The actual salt used by crypt()
to calculate the hash will, in fact, be identical. As proof, I'm including some example PHP code that can be used to show this.
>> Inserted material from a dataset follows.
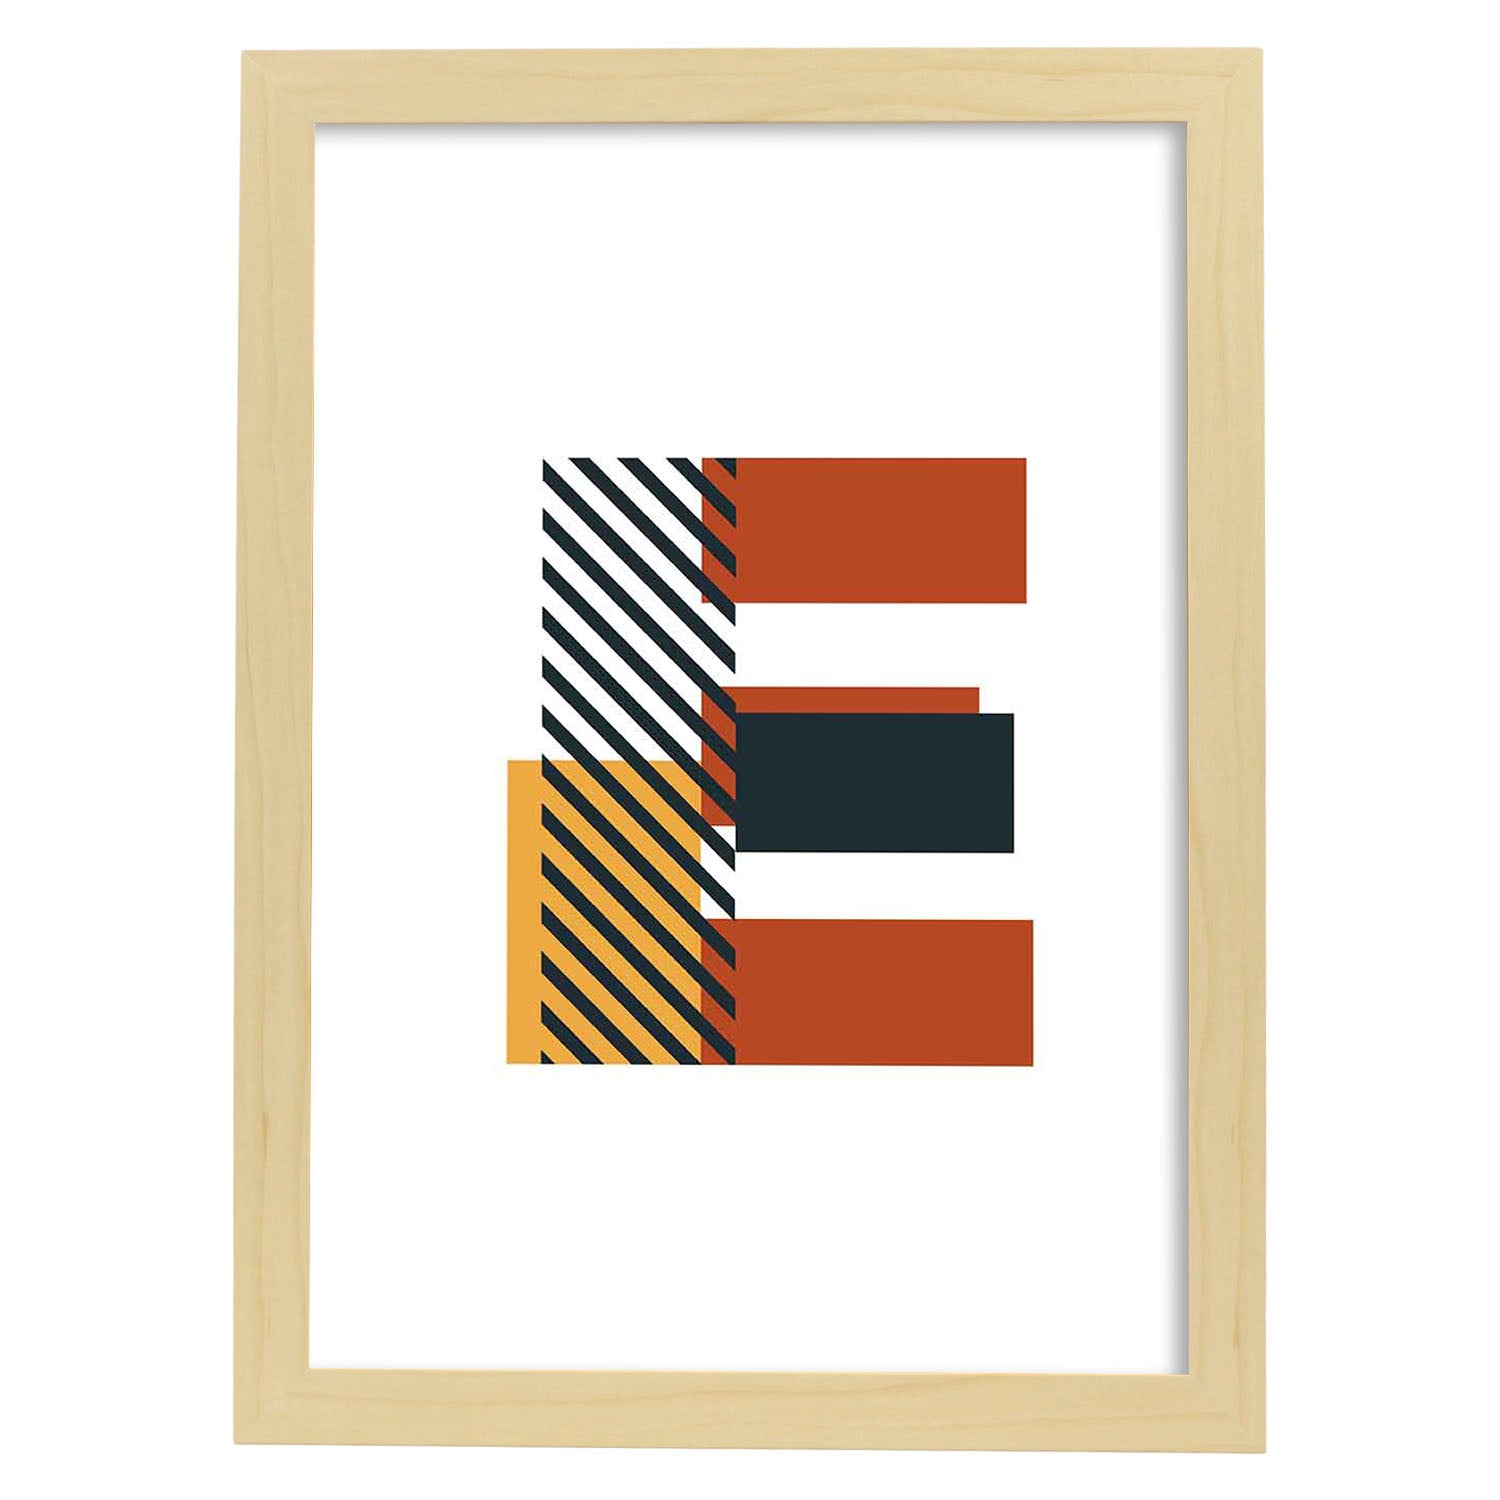 Poster de letra E. Lámina estilo Geometria con imágenes del alfabeto.-Artwork-Nacnic-A4-Marco Madera clara-Nacnic Estudio SL

The salt constantly rotates in a seminon-random way (based on a randomish segment of the whirlpool hash of the current time to the microsecond), and the data to be hashed (herein called $seed
) is simply the current Unix-Epoch time.
$salt = substr(hash('whirlpool',microtime()),rand(0,105),22);
$seed = time();
for ($i = 0, $j = strlen($salt); $i <= $j; ++$i) {
printf('%02d = %s%s%c',
$i,
crypt($seed,'$2a$07$' . substr($salt, 0, $i)),
$i%4 == 0 || $i % 4 == 1 ? ' <-' : '',
0x0A
);
}
这会产生类似于以下的输出
And this produces output similar to the following
00 = $2a$07$$$$$$$$$$$$$$$$$$$$$$.rBxL4x0LvuUp8rhGfnEKSOevBKB5V2. <-
01 = $2a$07$e$$$$$$$$$$$$$$$$$$$$.rBxL4x0LvuUp8rhGfnEKSOevBKB5V2. <-
02 = $2a$07$e8$$$$$$$$$$$$$$$$$$$.WEimjvvOvQ.lGh/V6HFkts7Rq5rpXZG
03 = $2a$07$e89$$$$$$$$$$$$$$$$$$.Ww5p352lsfQCWarRIWWGGbKa074K4/.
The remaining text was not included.